Part 1: The Cache Operator
Introduction
Today, we would like to present a feature of the versatile Jackhammer Extension for RapidMiner and describe in more detail how to use the caching operators provided by the extension in order to speed up your processes and significantly reduce overhead.
The caching function is useful for all processes suffering from a long run time due to repeated data retrieval. This is not only a nuisance when designing and testing a process, constant requests also put more stress on a database than is necessary and affect other users and applications on the same database. But most importantly, caching can greatly improve response time for web services, lower resource utilization for high request volumes and reduce reaction times when deploying a web application with RapidMiner Server.
The Jackhammer Extension comes with more than sixty operators, three of which regard caching: Cache, Clear Cache and Retrieve Cache. For this first tutorial, we want to show how the Cache operator works and how to integrate it into your process. In later tutorials, we will talk about more advanced functions like data validity settings, user rights and how to use the Clear Cache operator and cover taking into account dependencies when caching.
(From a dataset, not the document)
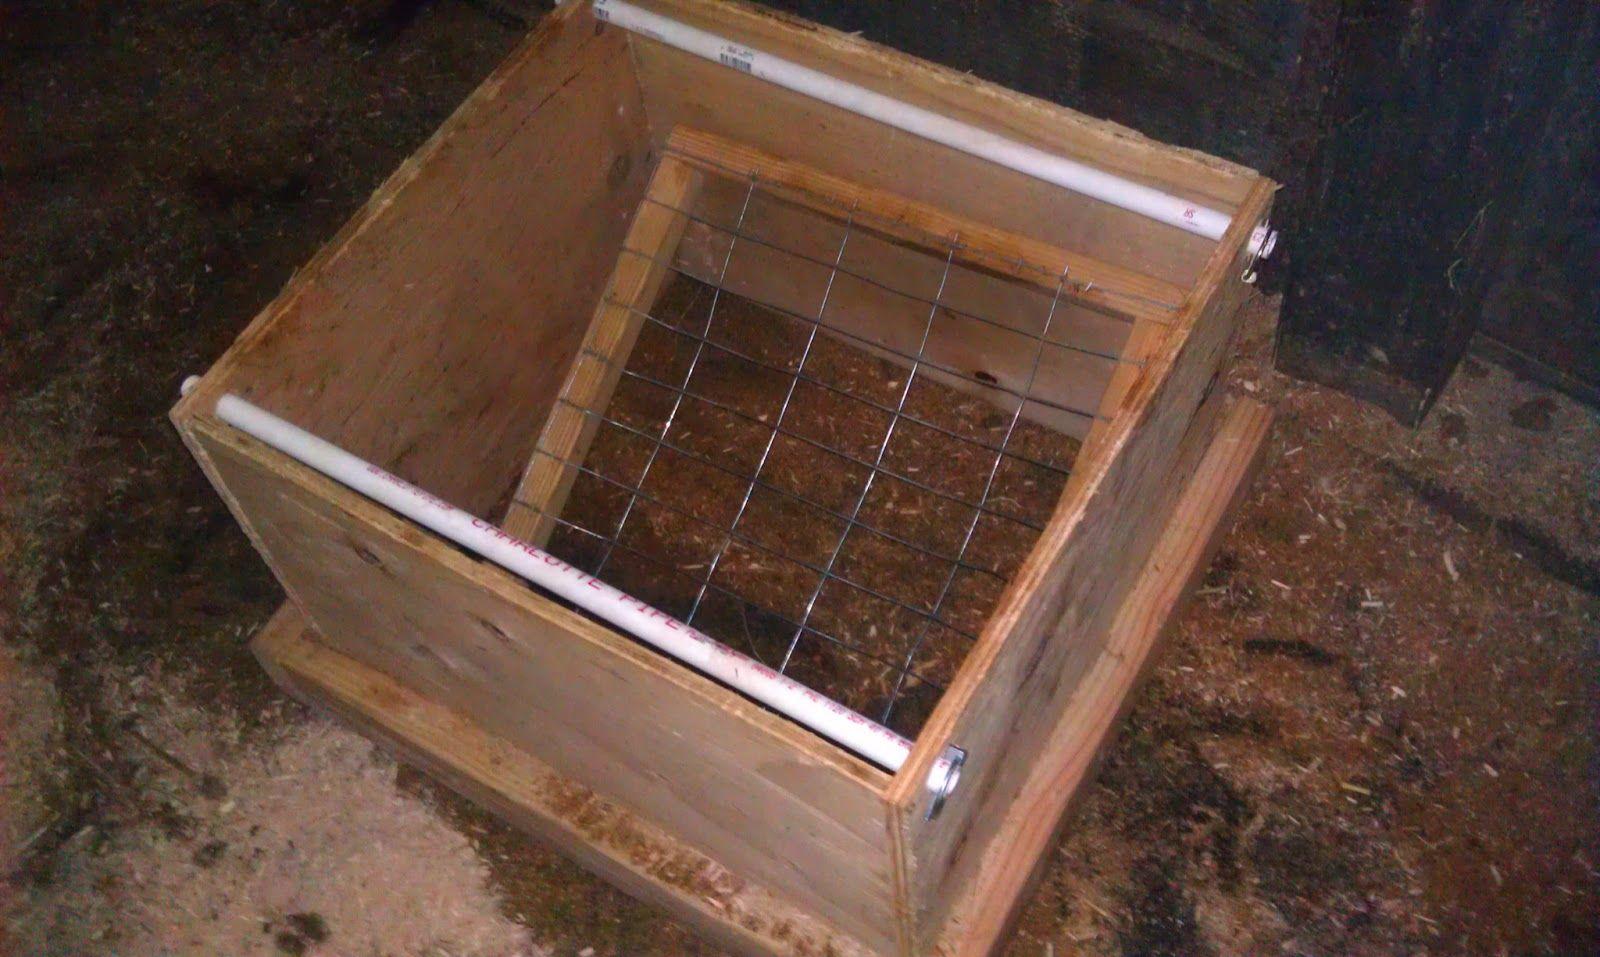 Slow Feeder Hay Box Barn Slow Feeder Horses Horse Care

Basically, the Cache operator offers a subprocess where you place the operators to load the relevant data. This subprocess is executed once and then keeps the output of the subprocess cached from there on. When you run the process again, it will return the cached data rather than reloading the same data over and over again. With the Jackhammer Extension, losing time over waiting for the process to load the data becomes a thing of the past asyou can put entire preprocessing chains into the subprocess.
It is also possible to put objects, even the training of prediction models or any other complex processes generating static results into the subprocess so as to cache their results and use them without having to run them each time.
For more details on the Jackhammer Extension for RapidMiner including a demo version and information on how to purchase a license, visit out product page.
Already know how to integrate the operator into your processes? Jump to the second tutorial about data validity settings and clearing the cache.
In order to be able to rebuild the tutorial, you will need to download this file containig the data which here is received from a database: Wind Turbine Data
The Scenario
Let’s say you are working for a large glassmaking company. Glassmaking has a high power consumption, which led your boss to the idea to put up the company’s own wind turbine to be able produce electricity inexpensively and environmentally friendly. Your boss is mighty proud of his purchase and would like all his employees to see how much power this new wind turbine produces. As the company’s chief data scientist you are given the task to make this info accessible on the internal company website. You start working on it and realize that the wind turbine sends new data only once a day into the database. If the data had to be loaded each time one of your colleagues checks it, this could put stress on the database and would slow down the service’s response time – for no reason as the data only updates once a day. With the Caching functions of our Jackhammer Extensions, the data will only be loaded for the first request, after which it is cached and does not need to be retrieved every time. In the following, we will demonstrate how to use the Cache operator.
Step 1
For this first step, we will take a look at the Cache operator itself and its parameters. Search for the Cache operator and add it to your process, then click on it to be able to see the parameter settings.
As you can see, you can set a Cache name (1) of your choosing (which will be relevant in our following tutorial covering the Clear Cache operator) or clear the cache manually (2). You can also make the tick to restrict validity (3) and enter cache dependencies (4) – again, functions which we will discuss in later tutorials. If you choose not enter a name now, RapidMiner will simply use the operator’s name, i.e. Cache. Names will become important for more advanced functions like the Clear Cache or the Retrieve Cache operators. In this example, we will use “wind turbine”, but again, for these steps it is not yet necessary to enter a name. Then double click on the operator to open the subprocess.
Step 2
On the subprocess level, add your database connection. To rebuild this process, download the file above and add a Read CSV operator instead of the Read Database operator. Use the wizard to load the file. Then continue as is described here.
Step 3
On this level, you can also add your data preprocessing steps. Their final result will be cached as well, meaning you will only have to run the preprocessing once and can save even more time. This is what the subprocess looks like with an added preprocessing step – of course you can use any and as many as you need! Do not forget to make all necessary connections between the operators and to the output ports in order to be able to receive your results.
When you run the process now, it will load the data and output an example set. Run it again and the results will be there virtually instantly! The extension’s process execution performance monitoring feature, which we demonstrated in our previous tutorial, supports the caching’s time saving effect with numbers:
This screenshot shows the run time in milliseconds for the first execution of the process. The following one illustrates the improvement due to caching the Read Database and Select Attributes operators:
As you can see, the tasks inside the Cache operator are not executed anymore, thus shaving off 344 ms off your run time. While this is of course only a small example process, you can surely imagine the time saving effect caching has on increasingly complex processes and larger databases!
Now you know how to use the Cache operator and can integrate it in your own processes. In the following tutorial we will pick up where we left off here to show how to set data validity periods and how to manually clear and reload the cache.